Tuesday, April 10, 2007

Last Post

Cien Años de Soledad sat on my shelf long before I took this course but I had never read it. I kept telling myself that I didn't have the time, that I'd pick it up when I had enough hours in the day to wander leisurely through it. But instead I read it at top gear, jumping into into it at every spare moment, just to keep up with class and avoid the untimely revelation of secrets in unread chapters. Every time I picked it up 20 years would go by, the cast of characters would be shaken up with a handful of births, deaths, and people loosing their sanity. At least I kept my Josés and Aurelianos straight. In the end I was left with a powerful impression of the book as a whole, undiluted by too much of my own life happening in between. Amongst the most vivid of my vicarious memories are those from Macondo, like time-lapse footage of a plant that sprouts up from a patch of barren earth, sends out a multitude of shoots during the wild rotation of day and night, then rapidly withers, crumbles, and is blown away like dust.

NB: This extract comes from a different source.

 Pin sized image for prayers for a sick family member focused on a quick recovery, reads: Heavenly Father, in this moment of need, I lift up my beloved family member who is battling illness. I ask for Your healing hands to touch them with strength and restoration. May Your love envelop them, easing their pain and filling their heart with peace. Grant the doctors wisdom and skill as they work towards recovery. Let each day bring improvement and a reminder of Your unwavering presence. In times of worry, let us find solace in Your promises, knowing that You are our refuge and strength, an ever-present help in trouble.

I enjoyed this class for a number of reasons. Firstly, the reading selection was very good, exposing us to writers from across the map who treated the themes of the course in diverse and interesting ways. Secondly, I liked the themes, they structured the course well and provided some illuminating points of inquiry into the texts. Lastly, although it often pained me to sit down and do them, the blogs were good. I liked being able to access this pool of ideas and they made me stop to really think about what I had just read and capture impressions that would otherwise be forgotten. That said, I will definitely enjoy returning to these authours at a later date without having to tax my brain over them every Sunday night.

1 Comments:

Blogger jnaslund said...

Hey, I like that comparison between time-lapse footage of a plant growing and the creation and destruction of Macondo. There is no doubt that Cien Anos was an exceptional novel that truly deserves a second read (or a third...). I tell myself that I will read it again, but honestly, I'm not sure that it will happen. I might try looking at other famous Latin American works from the same period first.
I agree, Sunday nights were terribly stressful even if the blogs turned out to be helpful in the end.